京都の町衆と職人が江戸時代から粋と技で育んだ京町家が次々によみがえる。
イタリア料理、フランス料理の店、雑貨店、喫茶店、ギャラリー……。新緑の古都を彩る人気のスポットだ。その数、約600軒。まだ増えている。衰微する一方だった町家が見事なブランド力を獲得した。
その火をつけた。90年に開いた、おばんざいといわれる京風家庭料理の店「百足(むかで)屋」がきっかけだ。四条烏丸の交差点近くの呉服屋だった建物。モルタルの壁やシャッターなどをはぎ取り、京町家本来のぬくもりや落ち着きを浮かび上がらせた。
現代人には新鮮な細長いつくり、吹き抜けの土間「通り庭」、色鮮やかな京唐紙や使い込まれた道具類――。評判は口コミでまず広がり、後に続きたいという人から相談が続くようになった。市民団体などによる町家の保存活動とも相まって「町家ルネサンス」は加速。市も00年「京町家再生プラン」をまとめ、保存に乗り出した。

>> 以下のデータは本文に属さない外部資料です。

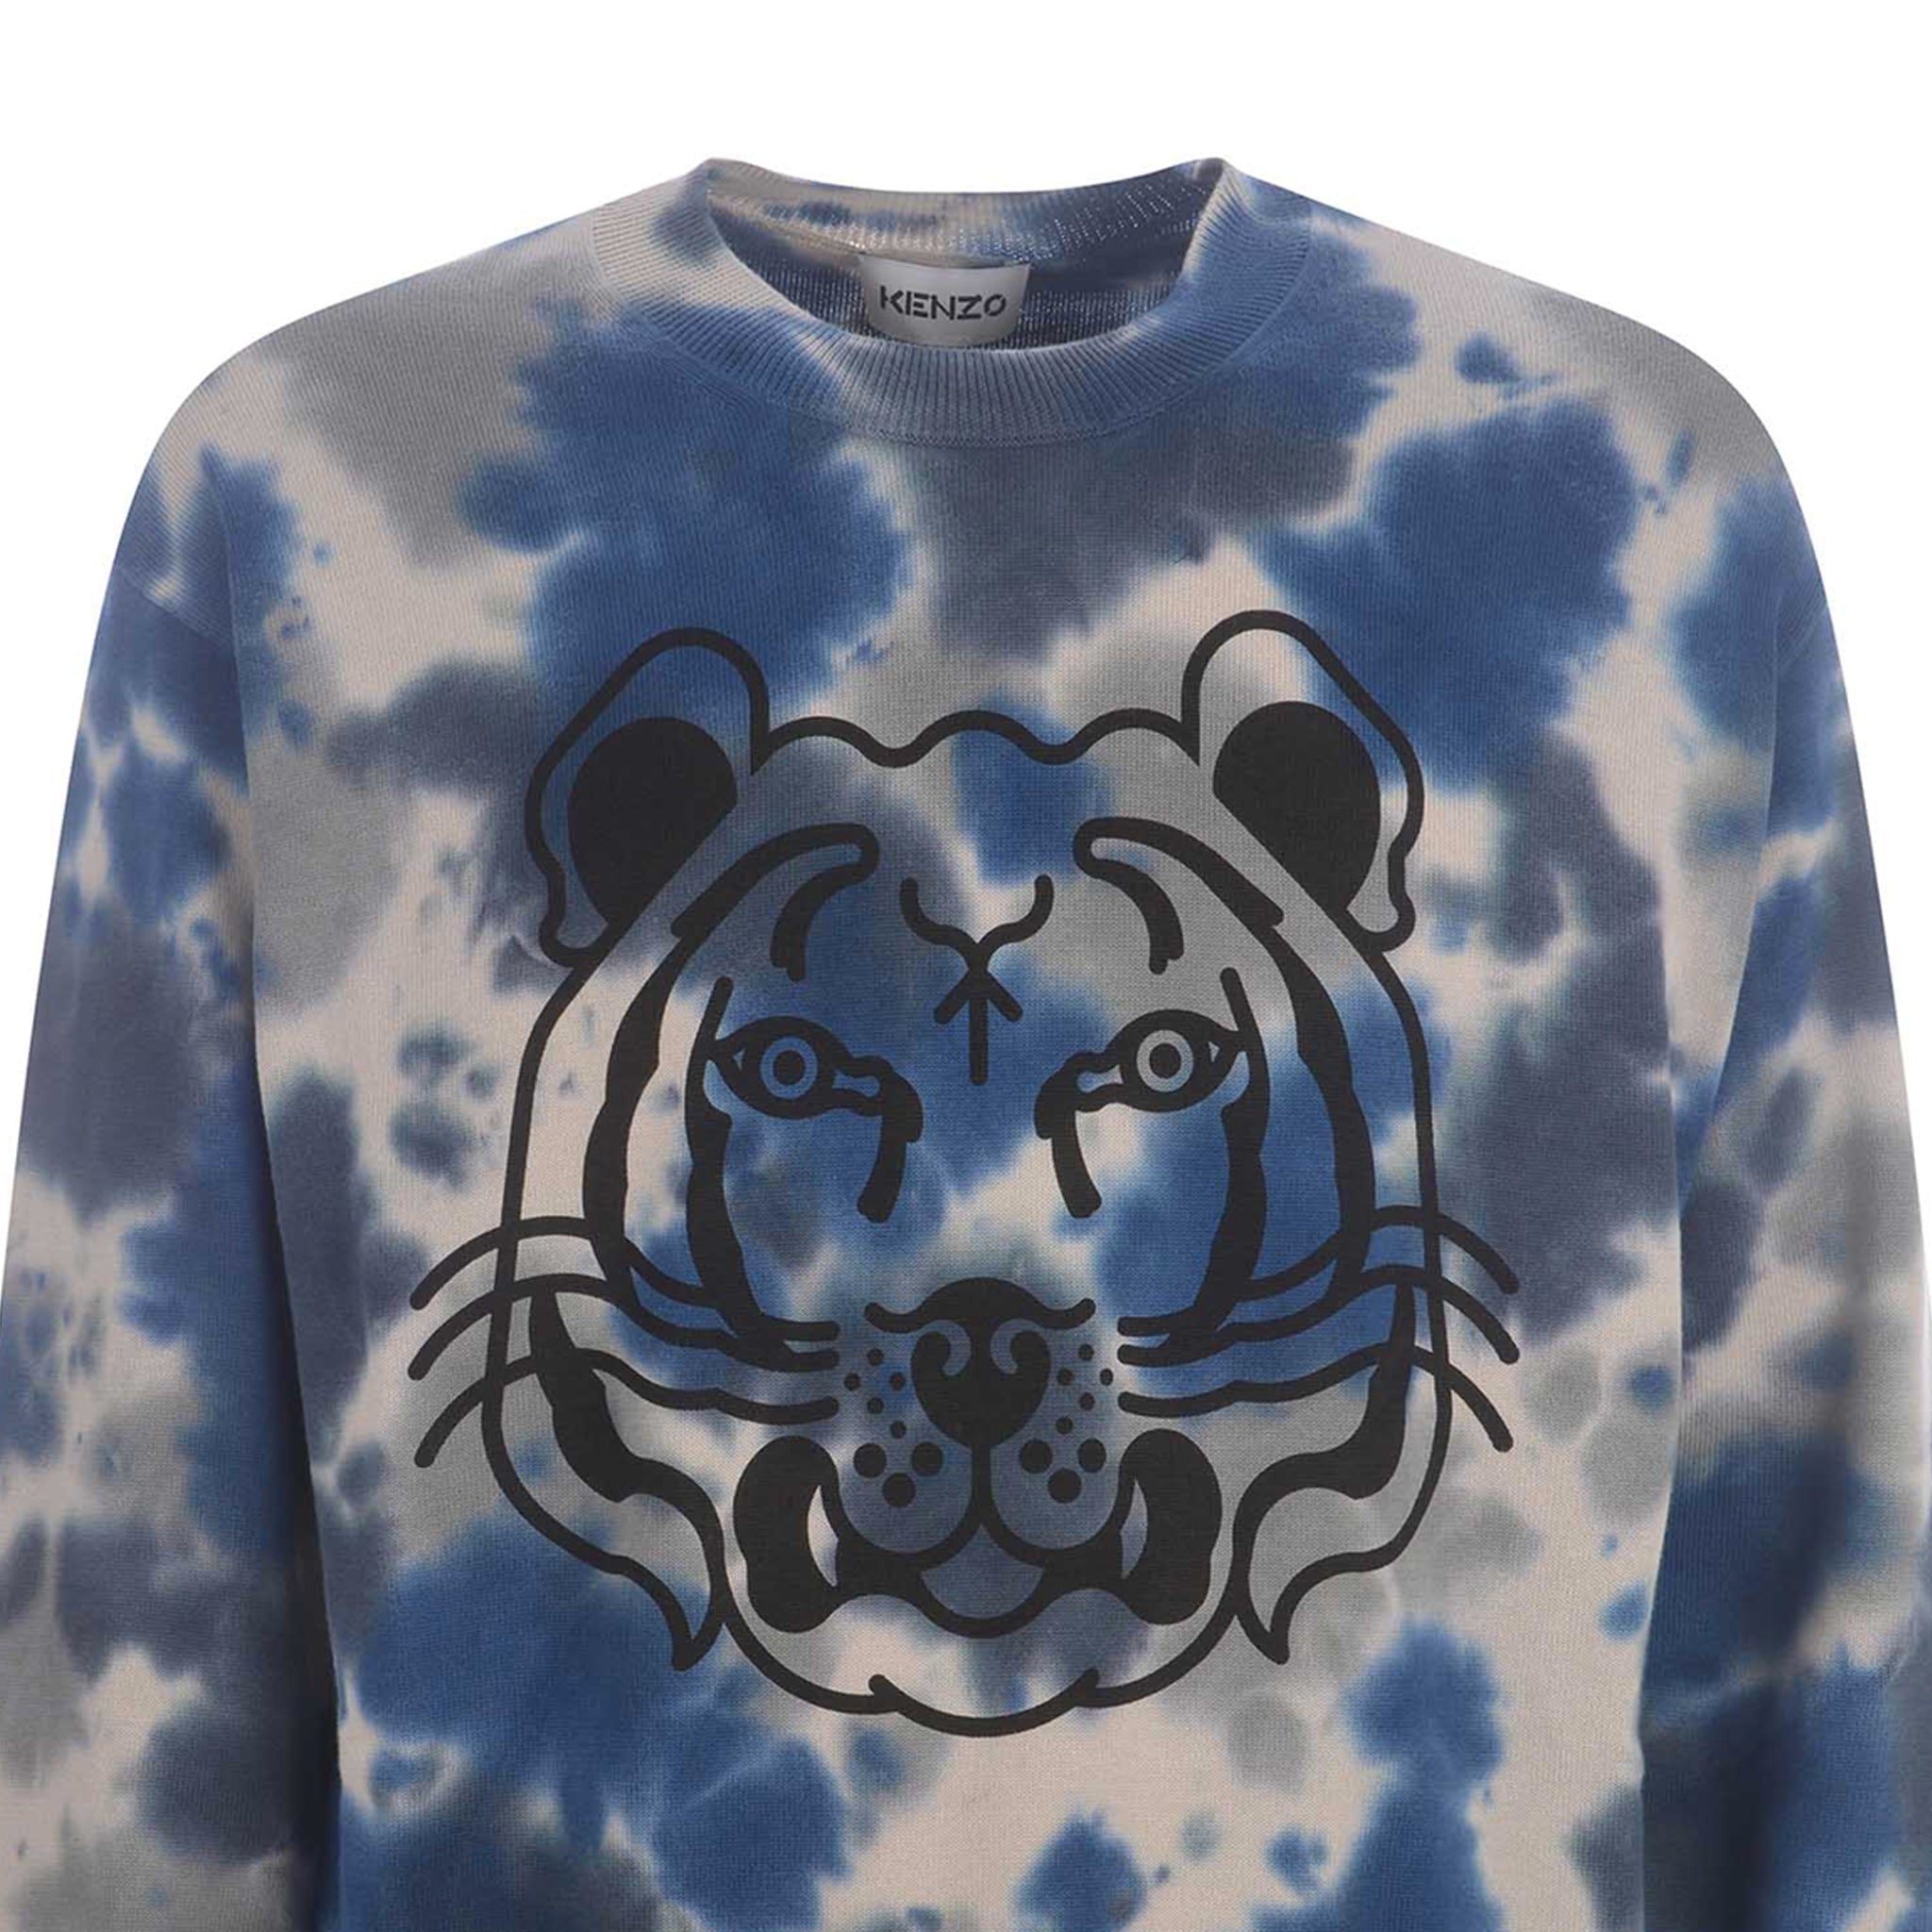 KENZO-OUTLET-SALE-Kenzo-Cotton-Printed-Sweater-Strick-ARCHIVE-COLLECTION-3.jpg

京都に4代続いた宮大工の長男。西陣の町家に生まれた。10歳で父を失い、母が西陣織の出機(でばた)をして生計を立てた。広い土間から響く織機の音が子守歌だった。
模型作りが好きで工業デザイナーにあこがれたが、中学卒業後やむなく呉服屋に就職。働く傍ら通った市立堀川高校定時制で能楽に出あう。その奥深さに魅せられ、けいこに没頭した。
能を通じ欧米からの留学生たちと知り合う。捨てられた火鉢をワインクーラーとして使っていた。自分たちより日本的な暮らしぶり。切り口を変えれば、伝統的な物が美しく再利用できることを学んだ。
「京都は文化でめしが食えるか」。そのころ京の街に流れたキャッチコピーだ。
経済で東京や大阪の背を追いかける京都でも、京セラなどハイテク産業が伸びていた。伝統産業よりハイテク産業。そんな意味だったのだろう。
血が騒いだ。日本のハイテク産業の基本には、京の伝統産業や手仕事があるはずだ。それまで全部捨てろというのか。
「将来、京文化でめしを食ったる」。心に決めた。
74年、京都・嵯峨野の二尊院門前。牛乳屋の軒先にゴザを敷き、イーゼルを立てた。1枚25円の色紙に水彩で風景画を描き、500円で売った。素焼きの土鈴に千代紙をあしらった土産物も、あたった。
「自分で作ったものを自分で売りたい」。京文化で食っていく起業だった。3万円の元手は5年で100万円に。和雑貨の製造と卸を手がける「クラフトくろちく」を79年に設立した。
和雑貨の製造と卸、飲食店経営、町家再生の設計や店舗監修やディベロッパー――。多彩な京文化ビジネスでいまや年商約20億円。町おこしコンサルタントとして各地に足も運ぶ。